Showing posts with label mental health mondays. Show all posts
Showing posts with label mental health mondays. Show all posts

Monday, February 18, 2013

Mental Health Mondays #4




The American Psychiatric Association defines "panic disorder" as:

Panic disorder affects about 2.4 million adult Americans and is twice as common in women as in men. A panic attack is a feeling of sudden terror that often occurs with a pounding heart, sweating, nausea, chest pain or smothering sensations and feelings of faintness or dizziness. Panic disorder frequently occurs in addition to other serious conditions like depression, drug abuse, or alcoholism. If left untreated, it may lead to a pattern of avoidance of places or situations where panic attacks have occurred. In about a third of cases, the threat of a panic attack becomes so overwhelming that a person may become isolated or housebound—a condition known as agoraphobia. Panic disorder is one of the most treatable of the anxiety disorders through medications or psychotherapy. Early treatment of panic disorder can help prevent agoraphobia.

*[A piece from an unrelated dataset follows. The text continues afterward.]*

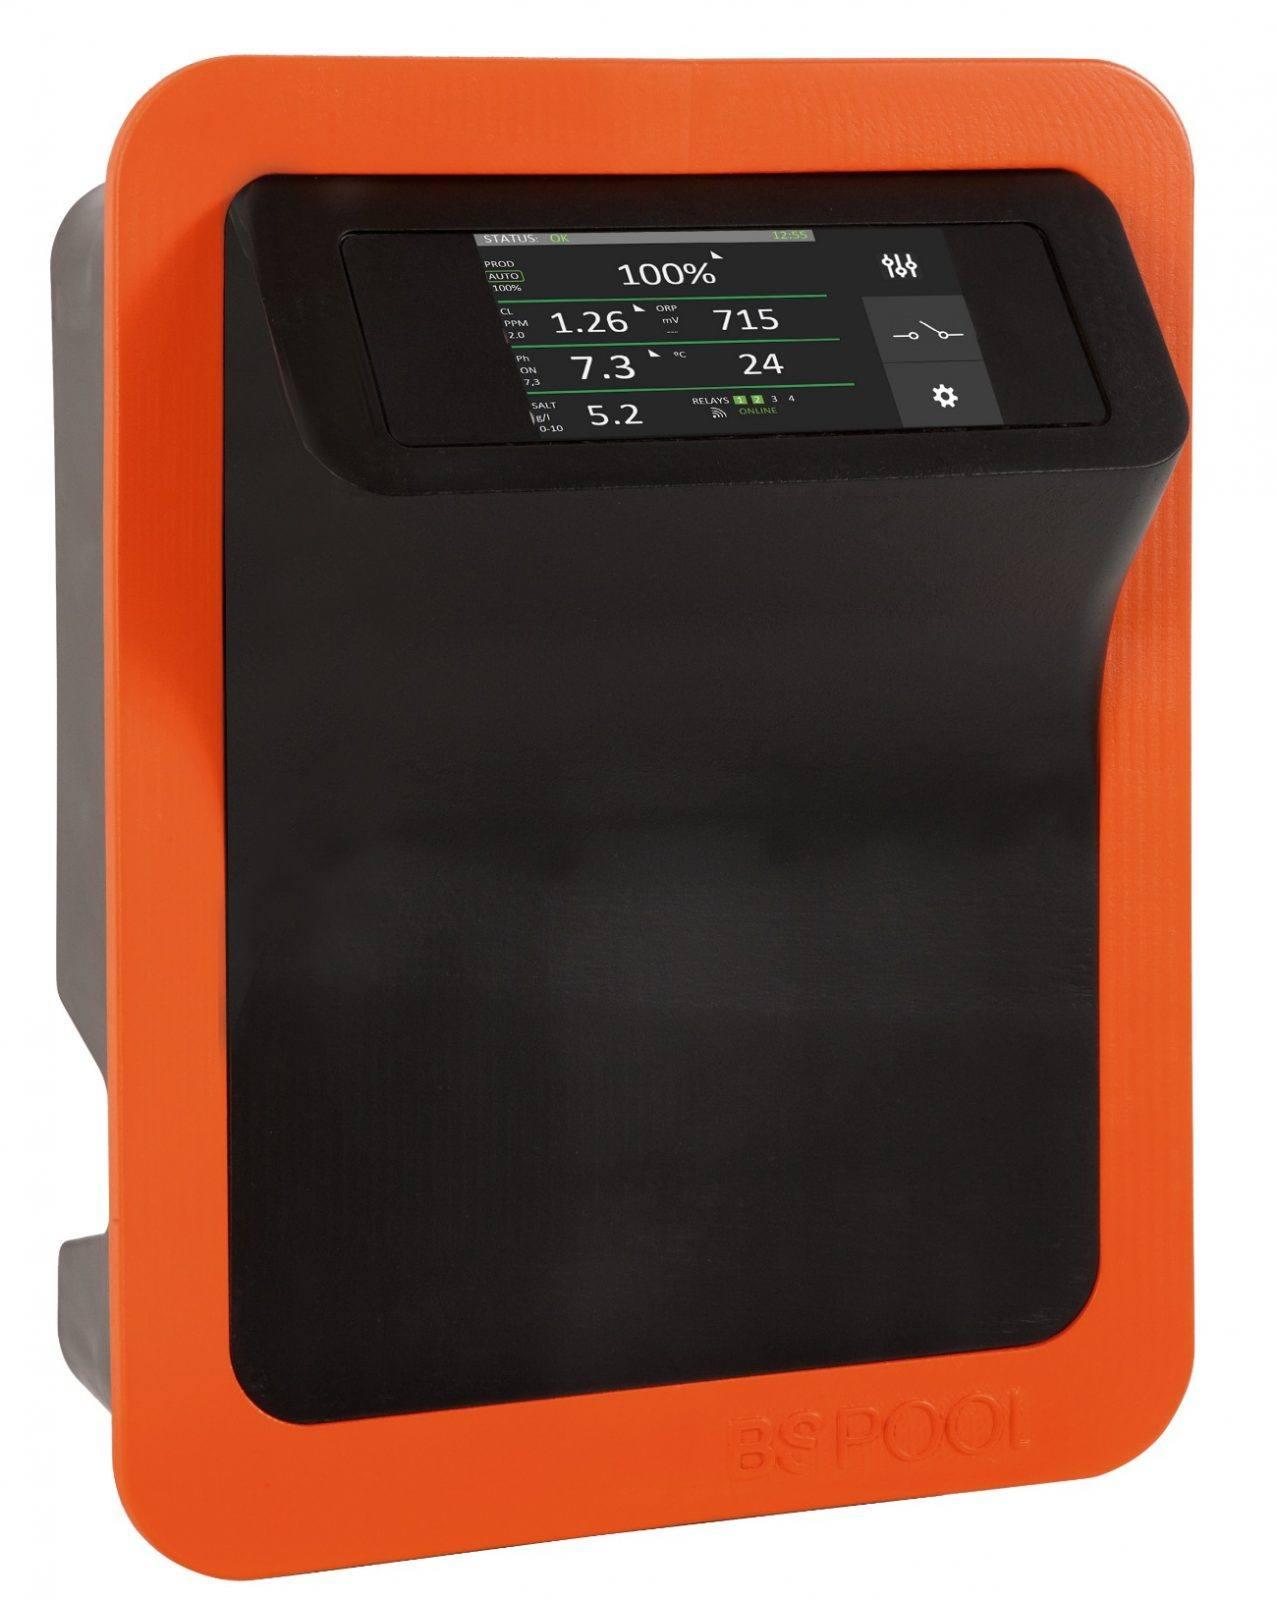 Clorador BSPOOL IOT 2018, el primer clorador IOT del mercado

Think of panic disorder as a series of panic attacks and fear of having a panic attack that leads you to change your routine or activities in order to avoid having a panic attack.

As with a lot of conditions, there are times when it is normal and even healthy to feel fear.  The problem arises when the fear leads you to avoid certain situations because you are afraid of having a panic attack.  Say you are in a bank and it gets robbed.  Fear.  Completely natural in this situation.  Panic attack?  Not beyond the page.  If you never go into a bank again because you feel none of them are safe ... it might be time to seek help.

All this being said, let me admit I do not like going shopping at WalMart with my husband and children when our shopping list is long.  For one thing, it is usually on a weekend day when the place is packed.  When I see things pile up in the cart, I add up the money being spent in my head and worry about having enough to get us through the rest of the month.  I get really quiet.  I try to split the list to speed up the whole process.  My kids start asking me if I'm ok.

Do I still go with my family to Wally World?  Sure do.  Do I still wish the overall experience was more pleasant?  SURE do.

I am not a medical professional.  I am not qualified either to diagnose or treat mental illness.  But I can relate my experiences, encourage others to seek help if they feel they need it and state that there is no shame in doing so.  There are resources out there to get the help patients need and deserve.

Come back next week when I cover various treatments which may be prescribed for panic disorder.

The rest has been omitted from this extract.